Answer :
Certainly! Let’s analyze and match each given expression to the appropriate method needed to evaluate it by recognizing the rules of exponents that apply.
1. Expression: [tex]\((4x^3)^5\)[/tex]
Rule: When you have a power of a power, you multiply the exponents.
Method: Multiply the exponents
2. Expression: [tex]\(5^3 \cdot 5^3\)[/tex]

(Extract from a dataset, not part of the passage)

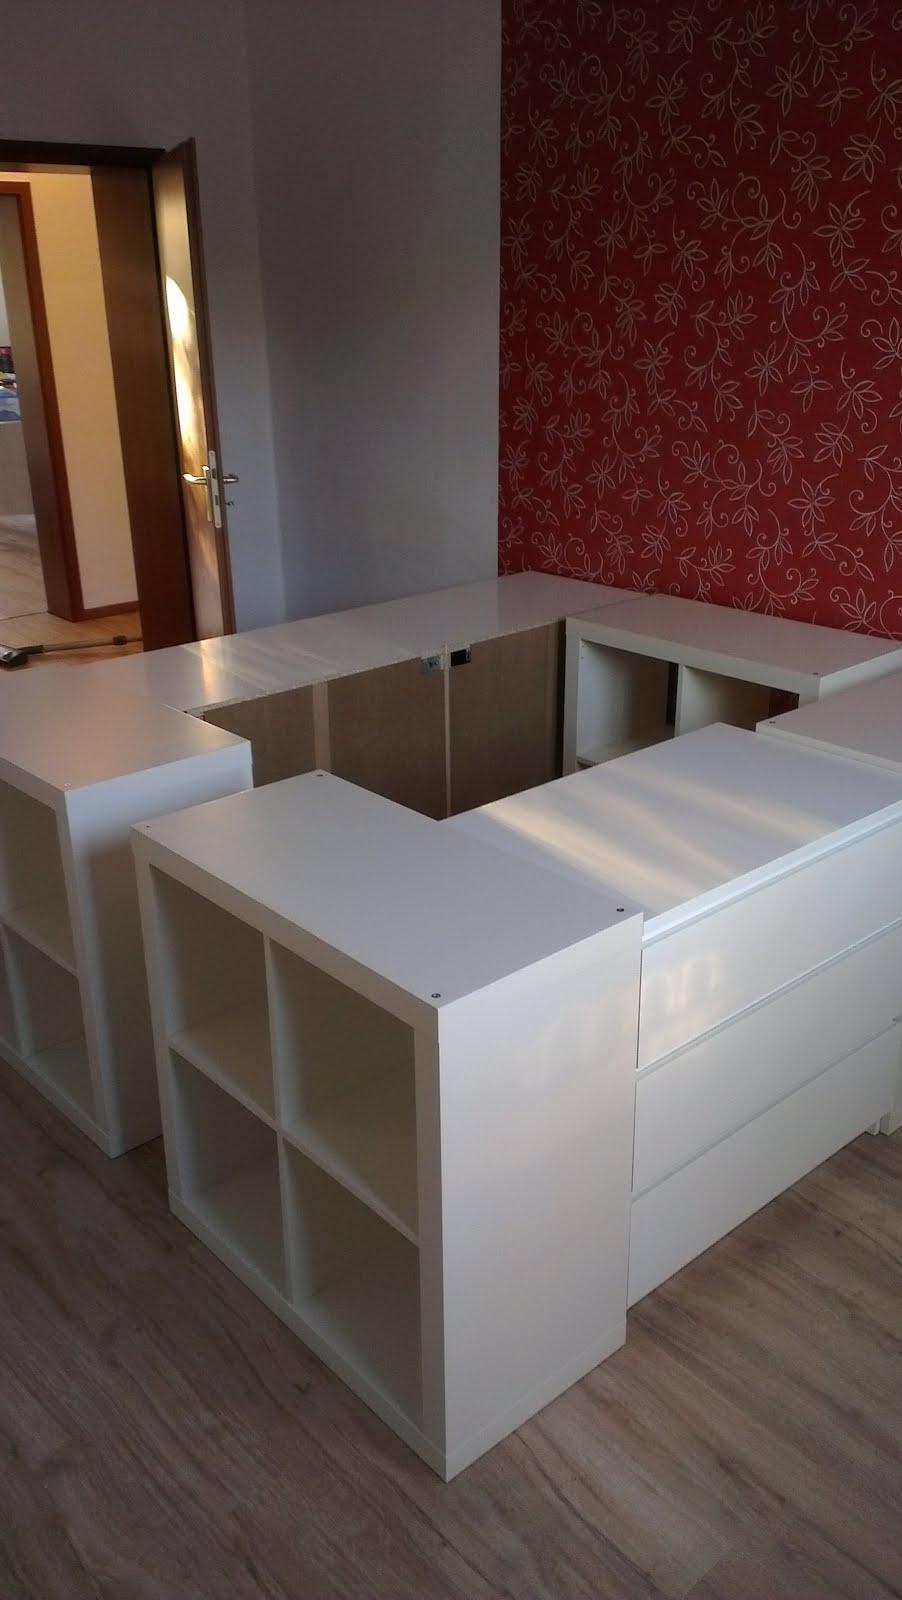 Ikea hack bett  Half a loft bed - IKEA Hackers - IKEA Hackers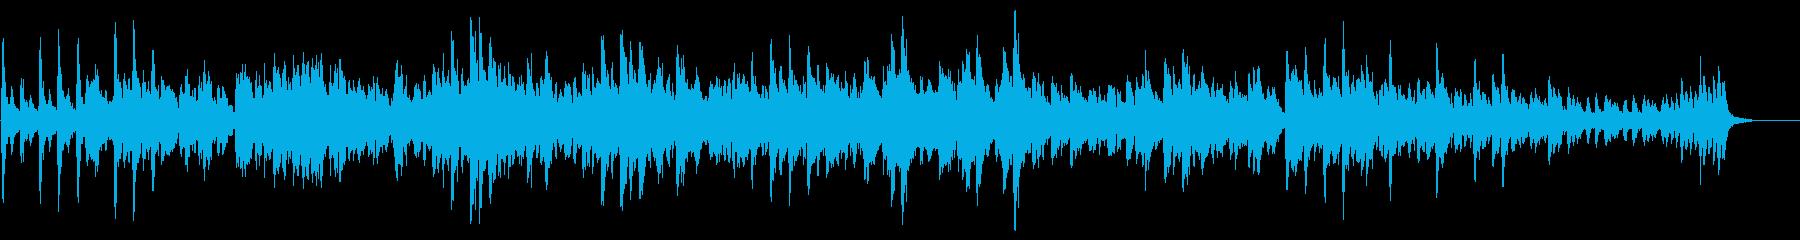 チャイコフスキー四季より3月ひばりの歌の再生済みの波形

Rule: When you multiply like bases, you add the exponents.
Method: Add the exponents
3. Expression: [tex]\((7^2)^3\)[/tex]
Rule: When you have a power of a power, you multiply the exponents.
Method: Multiply the exponents
4. Expression: [tex]\(6^9 \div 6^5\)[/tex]
Rule: When you divide like bases, you subtract the exponents.
Method: Subtract the exponents
To summarize:
1. [tex]\((4x^3)^5\)[/tex]: Multiply the exponents
2. [tex]\(5^3 \cdot 5^3\)[/tex]: Add the exponents
3. [tex]\((7^2)^3\)[/tex]: Multiply the exponents
4. [tex]\(6^9 \div 6^5\)[/tex]: Subtract the exponents
These methods are fundamental rules of exponents which help simplify and evaluate expressions involving powers.
1. Expression: [tex]\((4x^3)^5\)[/tex]
Rule: When you have a power of a power, you multiply the exponents.
Method: Multiply the exponents
2. Expression: [tex]\(5^3 \cdot 5^3\)[/tex]
Rule: When you multiply like bases, you add the exponents.
Method: Add the exponents
3. Expression: [tex]\((7^2)^3\)[/tex]
Rule: When you have a power of a power, you multiply the exponents.
Method: Multiply the exponents
4. Expression: [tex]\(6^9 \div 6^5\)[/tex]
Rule: When you divide like bases, you subtract the exponents.
Method: Subtract the exponents
To summarize:
1. [tex]\((4x^3)^5\)[/tex]: Multiply the exponents
2. [tex]\(5^3 \cdot 5^3\)[/tex]: Add the exponents
3. [tex]\((7^2)^3\)[/tex]: Multiply the exponents
4. [tex]\(6^9 \div 6^5\)[/tex]: Subtract the exponents
These methods are fundamental rules of exponents which help simplify and evaluate expressions involving powers.